The deteriorating political situation led the Volksraad to offer Natal as a colonial possession to King William II (resolution 25 April 1842) in case Britain annexed the Voortrekker territory. Smellekamp traveled back to the Netherlands via Cape Town. On the way, he was arrested at Swellendam because he did not have the proper travel documents. Meanwhile, the British government started official correspondence with the Dutch government about Smellekamp's activities in Natal, convinced that he was an agitator. King William II rejected the proposed connection between the Netherlands and the Voortrekkers of Natal, and before the year was out, he apologized to White Hall for the affray caused by Smellekamp and his activities.

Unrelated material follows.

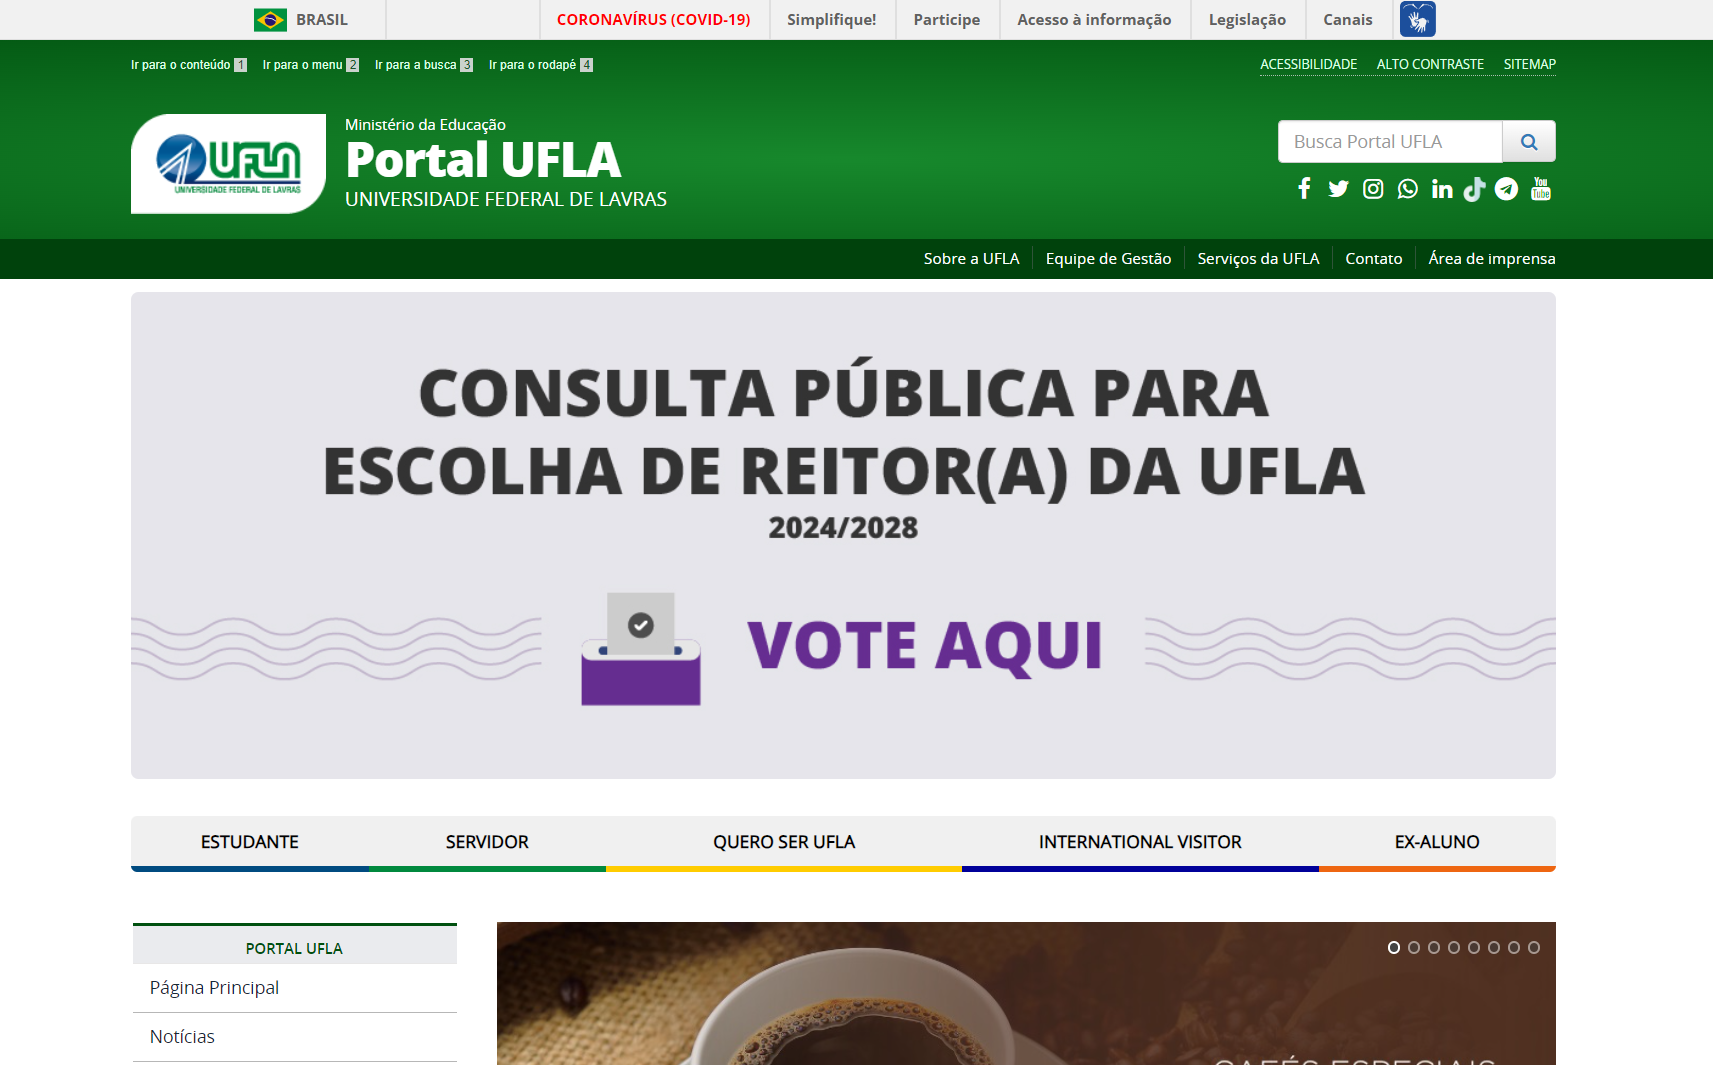 Imagem do Portal UFLA com o banner de votação.

In 1843, Smellekamp returned to Natal but was refused entry into Port Natal by the British and was obliged to go to Delagoa Bay instead. In the winter of 1844, Hendrik Potgieter, the leader of the Potchefstroom-Winburg Republic, which had declared independence on 9 April 1844, visited Delagoa Bay looking for a free passage to the sea. He negotiated with Smellekamp, who advised him to move his people north of the 26th degree of latitude, outside of the British sphere of influence, and where they would have the opportunity to trade freely with Dutch traders. The discussions resulted in Potgieter and a group of Voortrekkers from the former Natalia Republic moving to the North-East Transvaal, where they established Andries-Ohrigstad.

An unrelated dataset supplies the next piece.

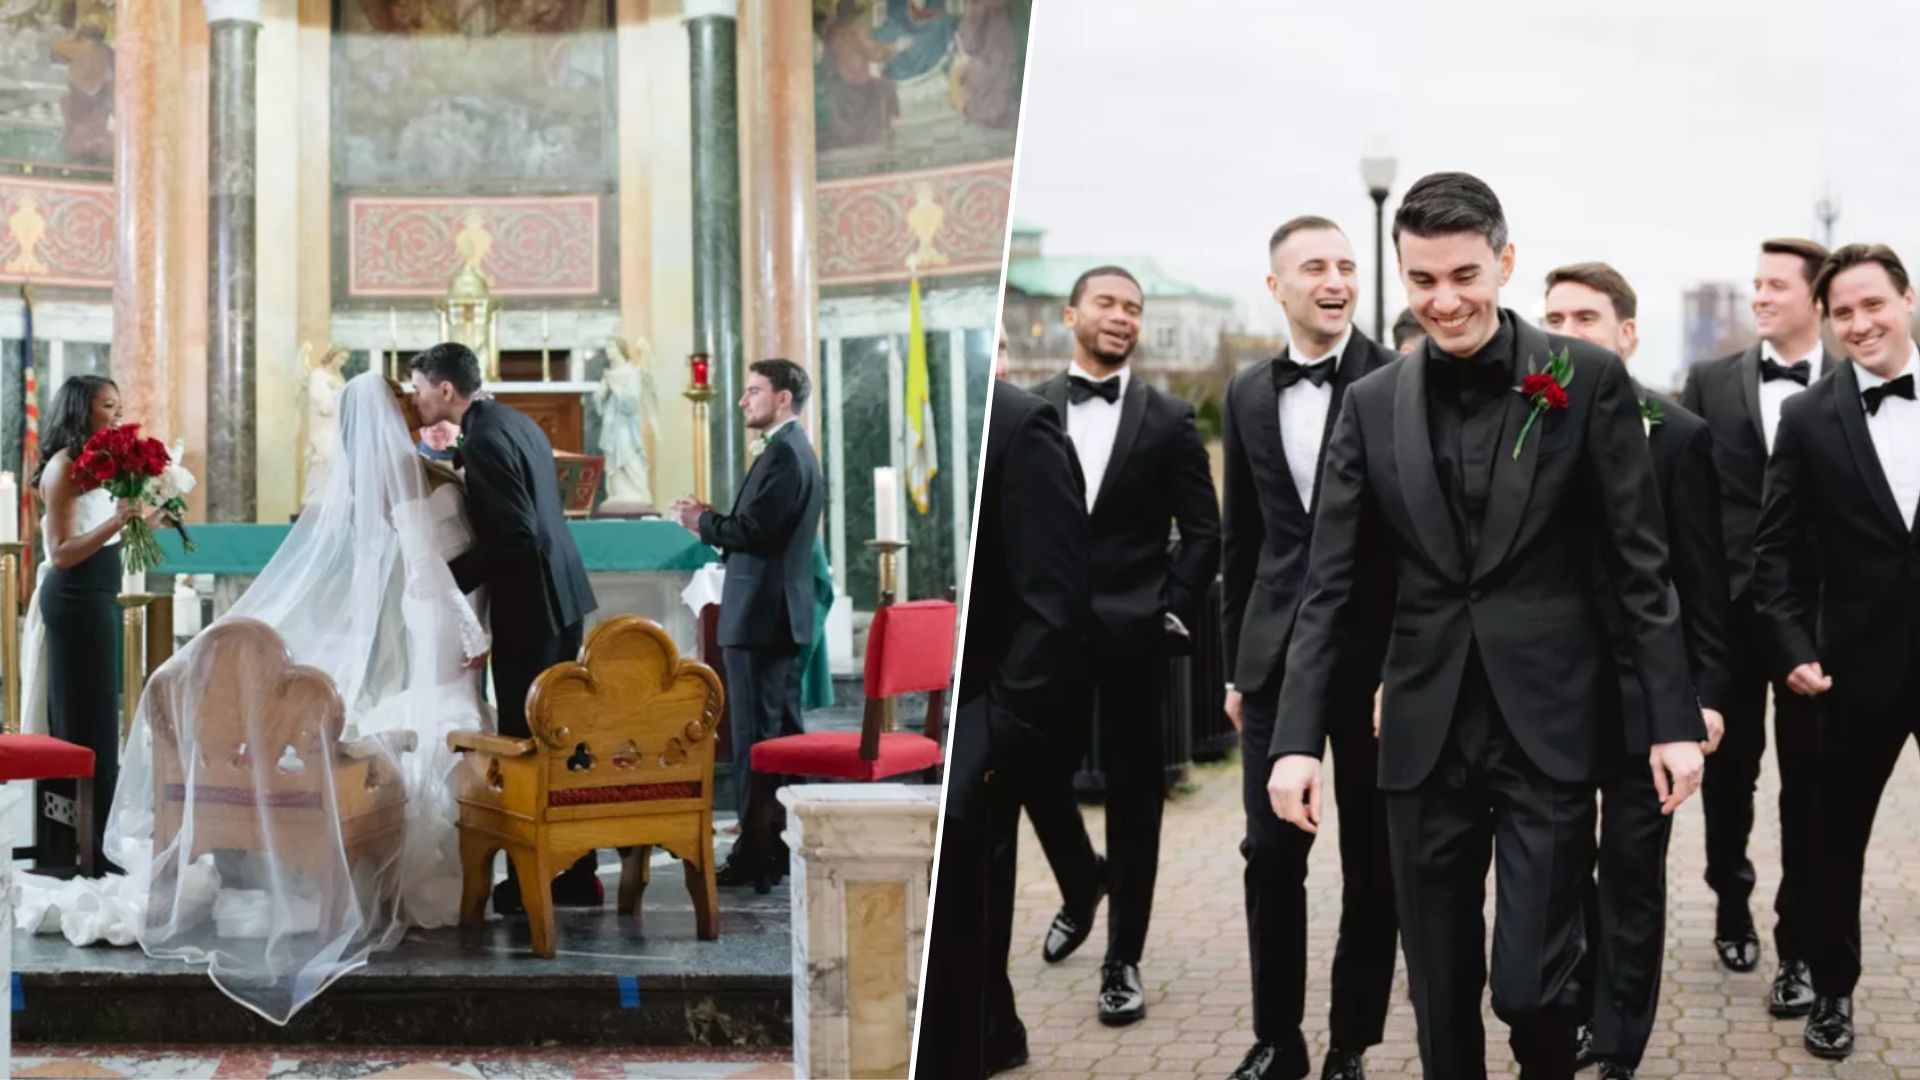 Свадьба в стиле Великого Гэтсби - фото с роскошного и мрачного празднования

Smellekamp remained in Southern and East Africa for almost two years before returning to the Netherlands in 1846. There, he quarreled with his boss about the best way to bring trade to South Africa, with Smellekamp advocating for an open market. However, from the trading company's point of view, director Ohrig did not favor this idea. Smellekamp made three more trips to South Africa, twice at a loss. With the final voyage in 1853, he migrated to South Africa and established himself in Lydenburg in the Transvaal in February 1854. Soon after his arrival in Lydenburg, Smellekamp fell out with the Dutch reformed minister Rev. Dirk van der Hoff of Potchefstroom, also a Dutchman, at the general synod of the Dutch Reformed church in Rustenburg. Smellekamp lost and was first censured by the church, then fined by the Volksraad and finally banished. He moved to Cape Town, where he published a rebuttal to the accusations made against him.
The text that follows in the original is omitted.